§ **TASK INSTRUCTIONS**: The records below hold a stretch from the line with "Clear Frstd HiDen Merch Bag" through the line with "Álvaro Uribe. Imagen Por: Inagen: EFE"; return exactly those lines, ends included, and nothing more.

§ **DATA FOR THIS TASK**:
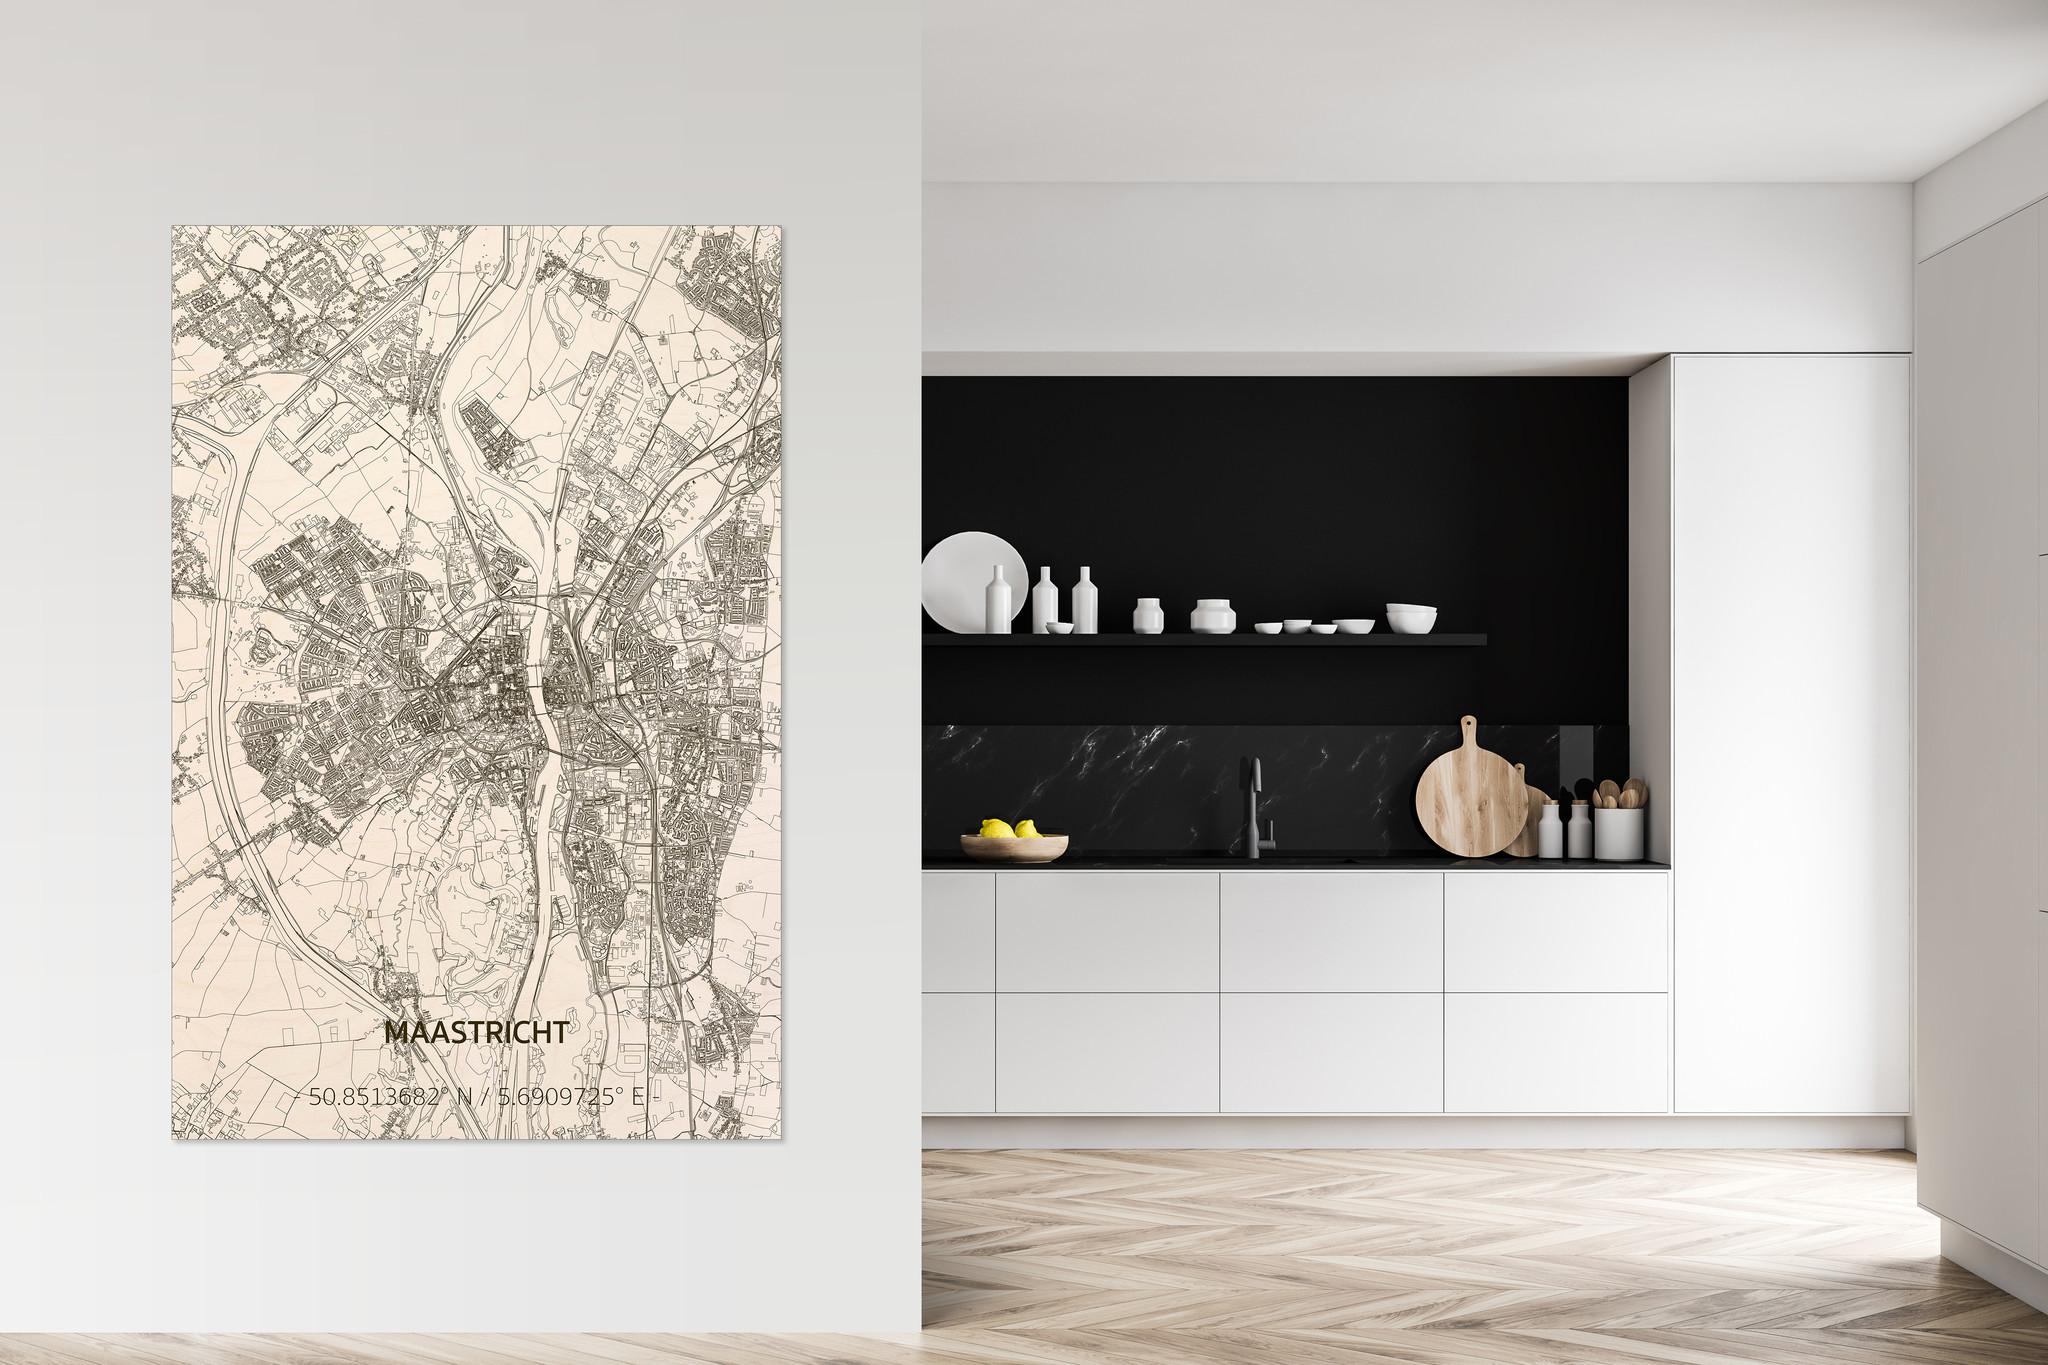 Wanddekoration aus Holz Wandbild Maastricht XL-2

...

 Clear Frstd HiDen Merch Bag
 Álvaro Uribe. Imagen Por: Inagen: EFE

==

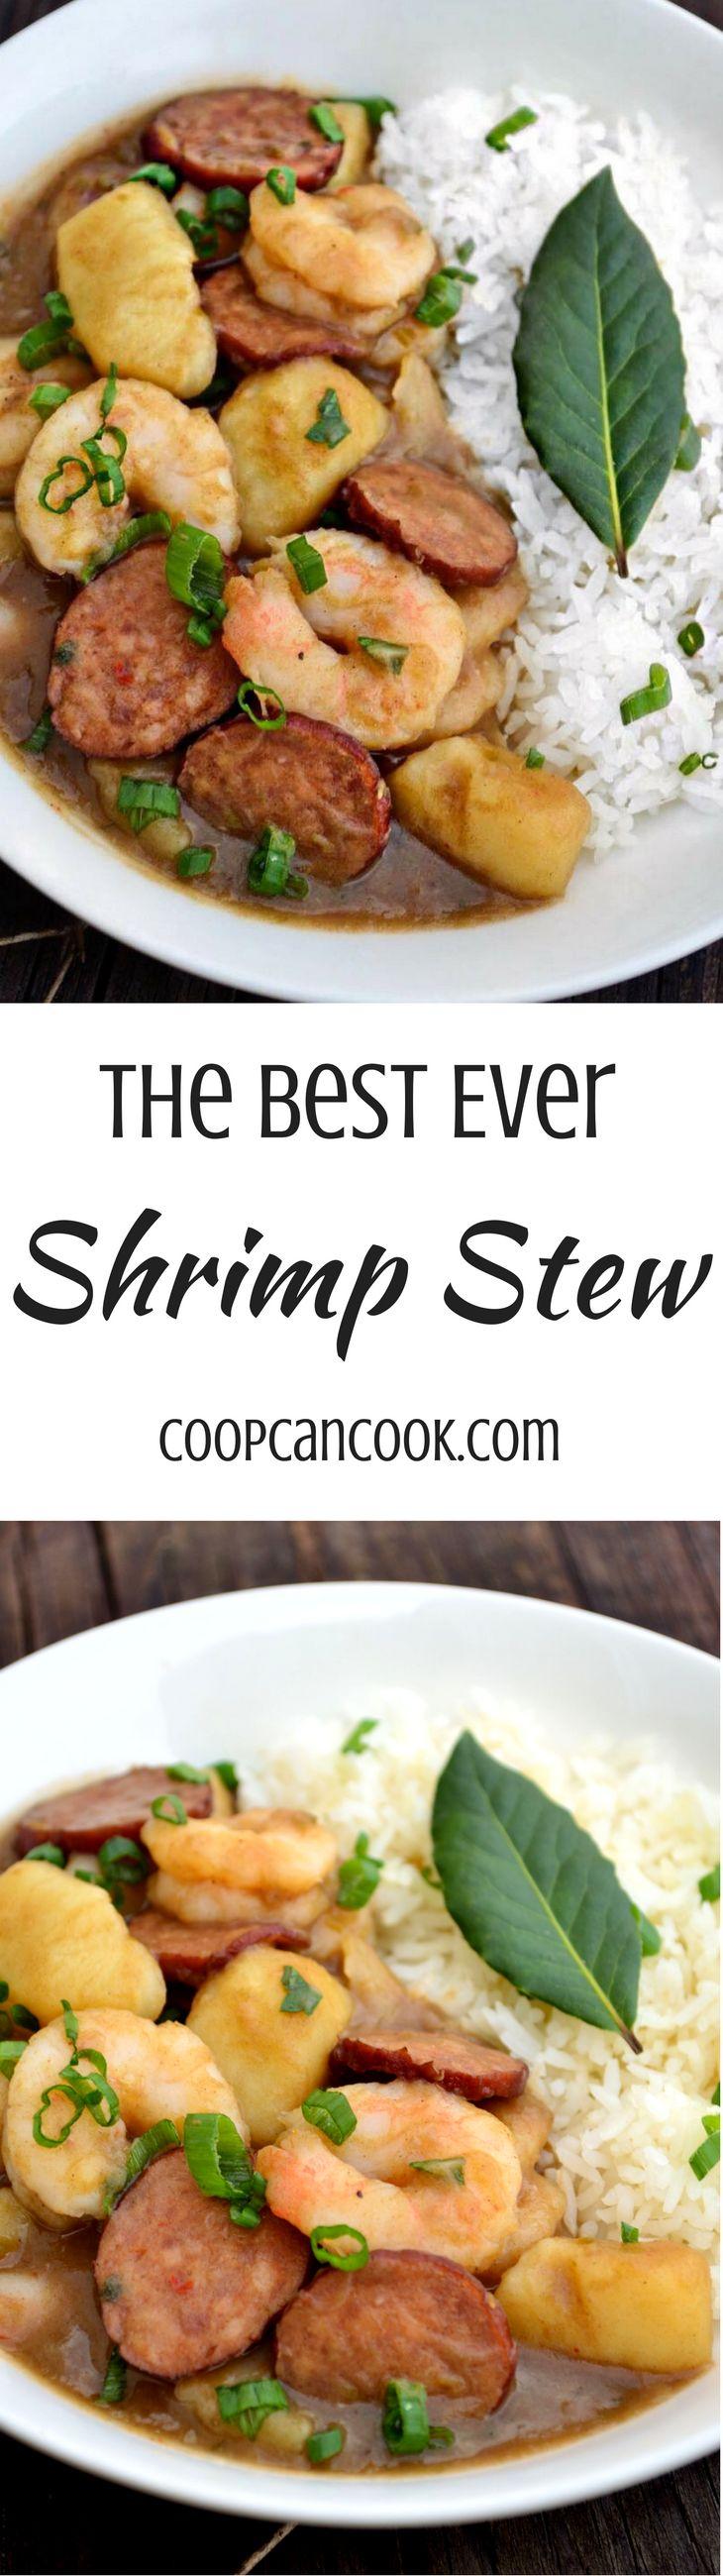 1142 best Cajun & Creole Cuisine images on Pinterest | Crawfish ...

§ **SOLVED PROBLEM**:
 Clear Frstd HiDen Merch Bag
 Álvaro Uribe. Imagen Por: Inagen: EFE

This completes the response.